William Gilbert Strang (born November 27, 1934), usually known as simply Gilbert Strang or Gil Strang, is an American mathematician, with contributions to finite element theory, the calculus of variations, wavelet analysis and linear algebra. He has made many contributions to mathematics education, including publishing mathematics textbooks. Strang is the MathWorks Professor of Mathematics at the Massachusetts Institute of Technology.  He teaches Linear Algebra, Computational Science, and Engineering, Learning from Data, and his lectures are freely available through MIT OpenCourseWare.

Biography

Strang was born in Chicago in 1934. His parents William and Mary Catherine Strang migrated to the USA from Scotland.  He and his sister Vivian grew up in Washington DC and Cincinnati, and went to high school at Principia in St. Louis.  

Strang completed his undergraduate degree (S.B.) in  1955 from the Massachusetts Institute of Technology. He was the recipient of a Rhodes Scholarship to University of Oxford, where he received his B.A. and M.A. from Balliol College in 1957.

Strang earned his Ph. D. from University of California, Los Angeles in 1959 as a National Science Foundation Fellow, under the supervision of  Peter K. Henrici. His dissertation was titled "Difference Methods for Mixed Boundary Value Problems".

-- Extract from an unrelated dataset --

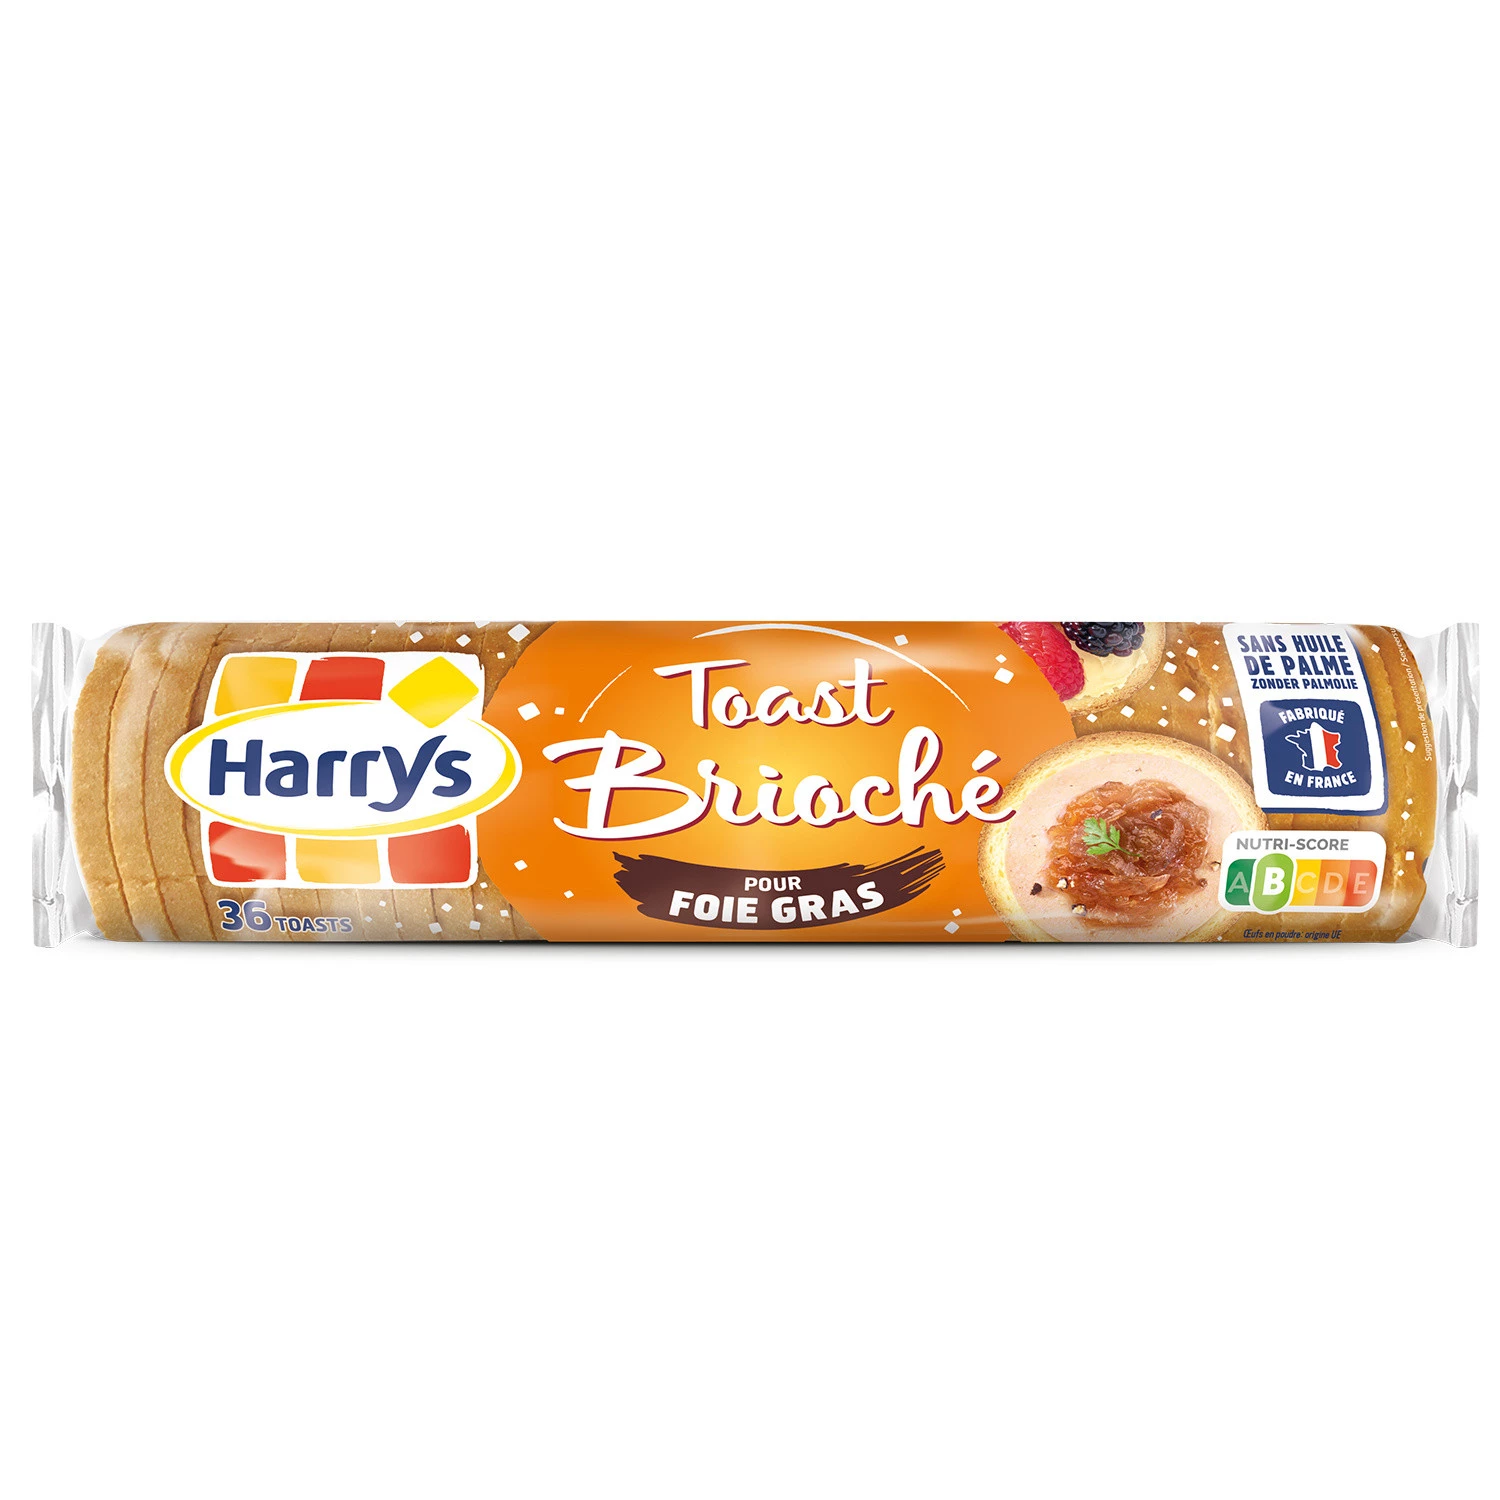 Harry’s brioche toast for foie gras 280g

While at Oxford, Strang met his future wife Jillian Shannon, and they married in 1958. Following his Ph.D. at UCLA, they have lived in Wellesley, Massachusetts for almost all of his 62 years on the MIT faculty. The Strangs have three sons David, John, and Robert and describe themselves as a very close-knit family.

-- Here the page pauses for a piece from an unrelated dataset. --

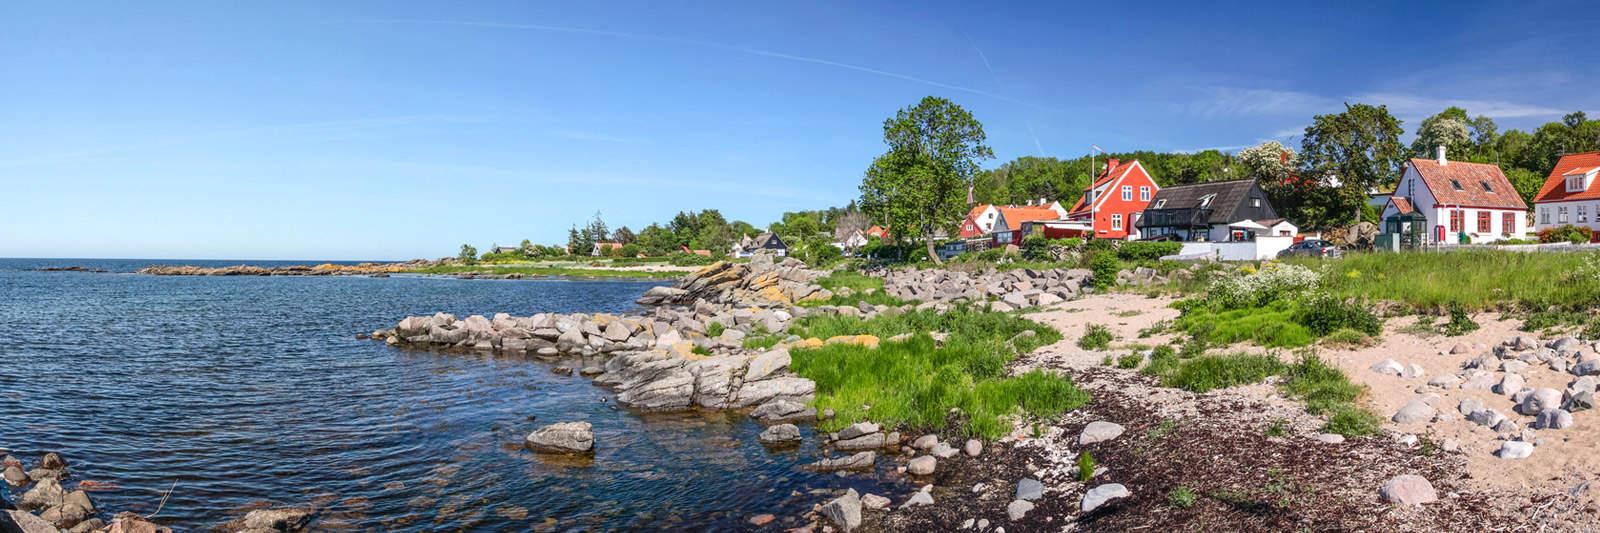 15 Ferienwohnungen und Ferienhäuser in Føns - tourist-online.de

Strang plans to retire in 2023.

Strang's teaching has focused on linear algebra which has helped the subject become essential for students of many majors. His linear algebra video lectures are popular on YouTube and MIT OpenCourseware. Strang founded Wellesley-Cambridge Press to publish Introduction to Linear Algebra (now in 6th edition) and ten other books.

University Positions 
Following his PhD studies, from 1959 to 1961, Strang was a C. L. E. Moore instructor at M.I.T. in the Mathematics department. From 1961-1962 he was a  NATO Postdoctoral Fellow at Oxford University. Since 1962, Strang has been a mathematics professor at MIT.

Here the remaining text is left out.